On Febuary 6th, 2018, SpaceX launched a Tesla Roadster into orbit. Although somewhat of a publicity stunt, Starman, as dummy rider was later called, marked an impressive feat of engineering for the spacecraft manufacturer.

The very first launch of the Falcon Heavy would later spawn an immense variety of calculations, all of which show just how far and how deep Starman and his Tesla Roadster creep into the abyss.

Today, February 7th, one day after the Falcon Heavy's fifth anniversary, SpaceX CEO Elon Musk's Tesla Roadster prances indefinitely through the starways. According to JJ Hermes on Twitter, the Assistant Professor of Astronomy at Boston University, rotational values and various brightness measures prove just how far the Starman has come.

In his post, Hermes also highlights how the car can be seen blinking via a telescope in Chile, detailing how it's "1 million KM away, tens of thousands of times fainter than can be seen with the unaided eye."

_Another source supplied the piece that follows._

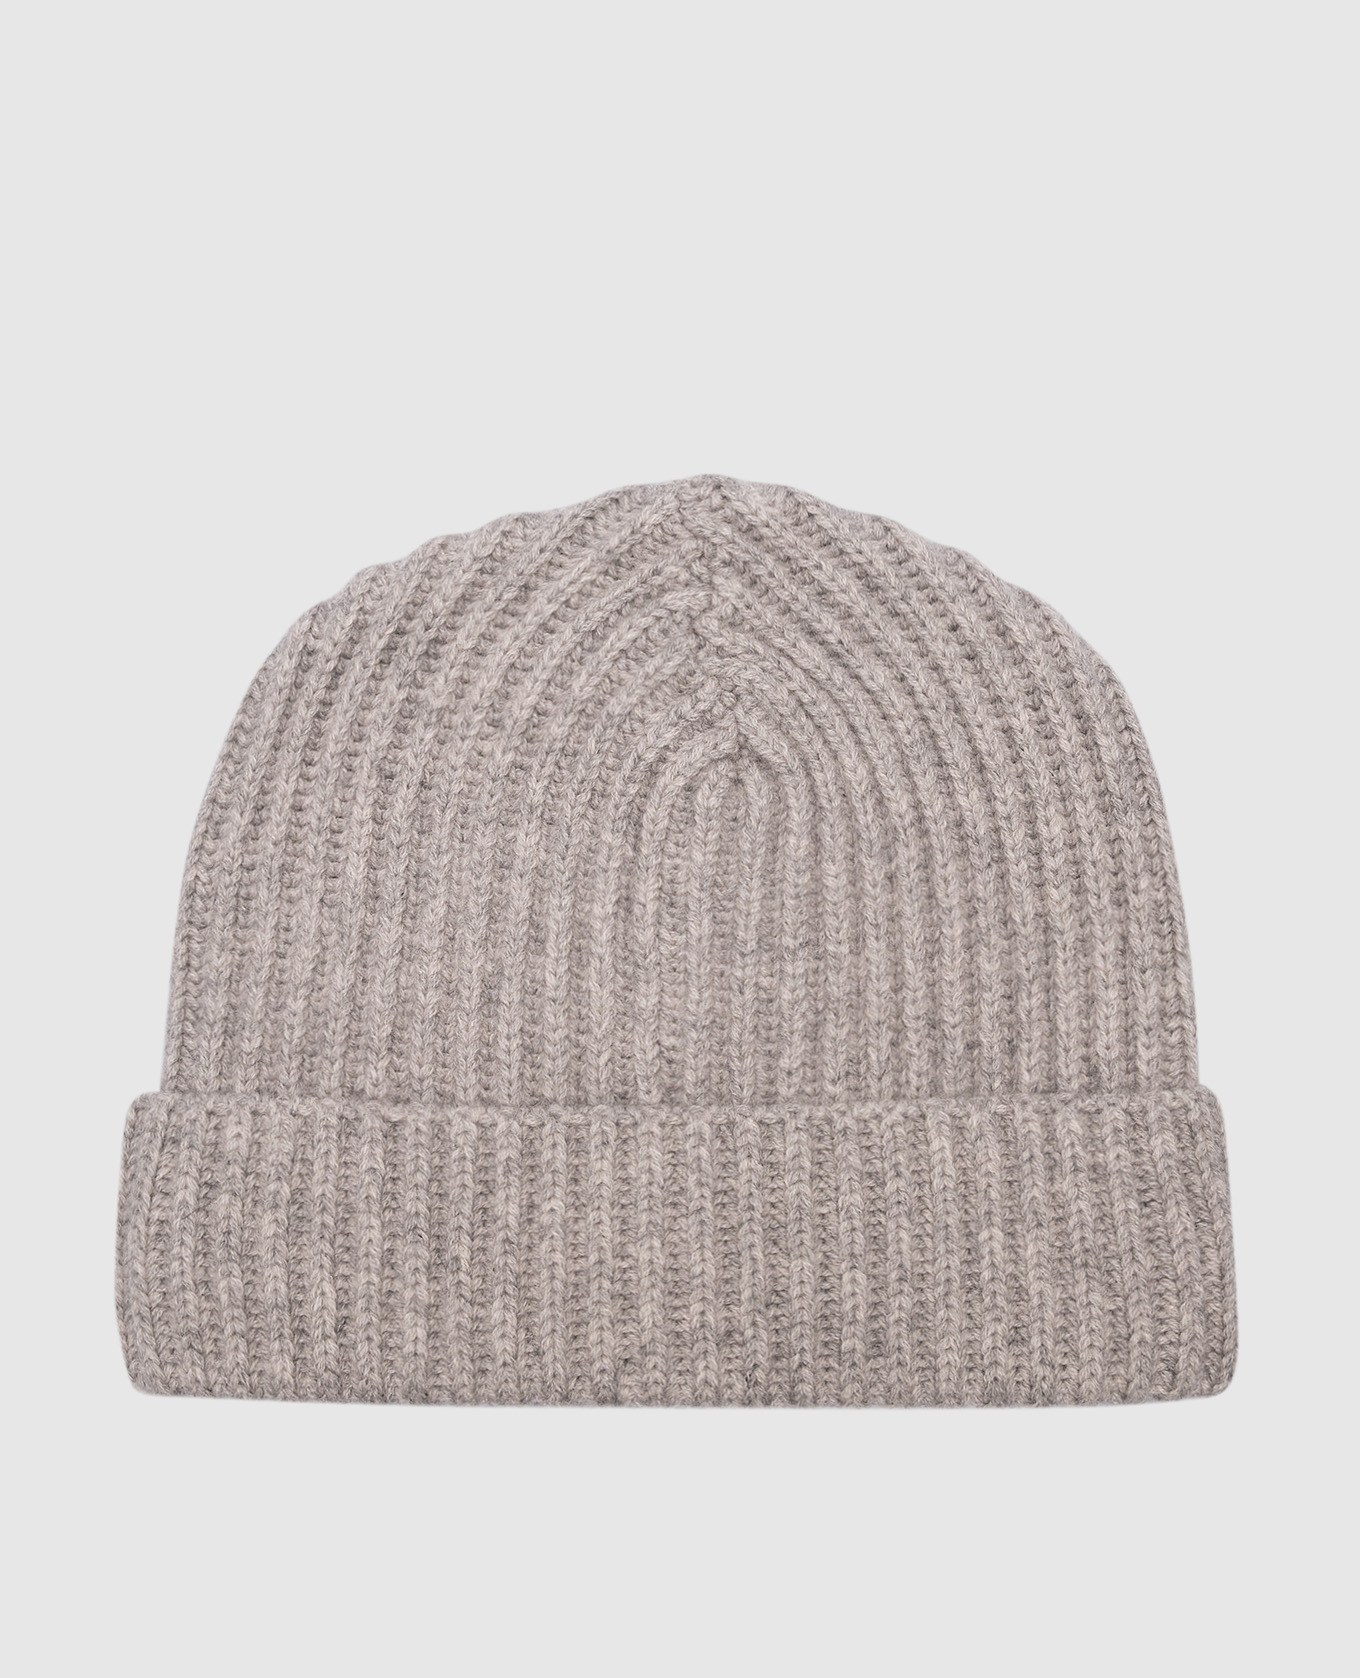 Gray cashmere hat

Musk's Roadster has already circumnaviagted the sun itself 3.3 times, as reported via the website Where is Starman. Their insight points out various measurements, even including a replicated solar system that pinpoints exactly where the roadster now is in relation to us and our neighboring planets. The Starman certainly is well over one million km away from earth, as the astronomers behind the site posit a remarkable 327 million km and counting.

Hilariously, Musk's Roadster has already well exceeded its 36,000 mile warranty, hitting a whopping 2.5 billion miles, traveling at a speed of 51 thousand miles per hour. Surprisingly, it has yet to be hit by any kind of space debris, and could well be on its way to a lengthy forever as it bounces between Earth and Mars' orbit.

Special music was also gifted the Starman so the never-ending silence of space could be drowned out by the awesome chords of David Bowie. Both his Life on Mars? and Space Oddity tracks play in Starman's right and left ears and have now been played 668,726 and 496,287 times, respectively. Quite alot of rock music for one person - that is, of course, if the battery even still works.

According to a report published by the journal of Aerospace, the Tesla Roadster does have some probabilities for hitting several celestial bodies. These include a 12 percent chance of ramming into Venus or the Sun, as well as a 22 percent probability of hitting our own planet. There were also some rare close encounters with both Mars and Mercury, but "none of them resulted in a physical collision," the paper concludes.

One must note that much of the data is represented in several millions of years, meaning that the Tesla Roadster isn't crashing into Earth any time soon. The Starman and his Roadster will, however, make a small trip relatively close to the planet within the next century at the very least, coming closer even than our moon.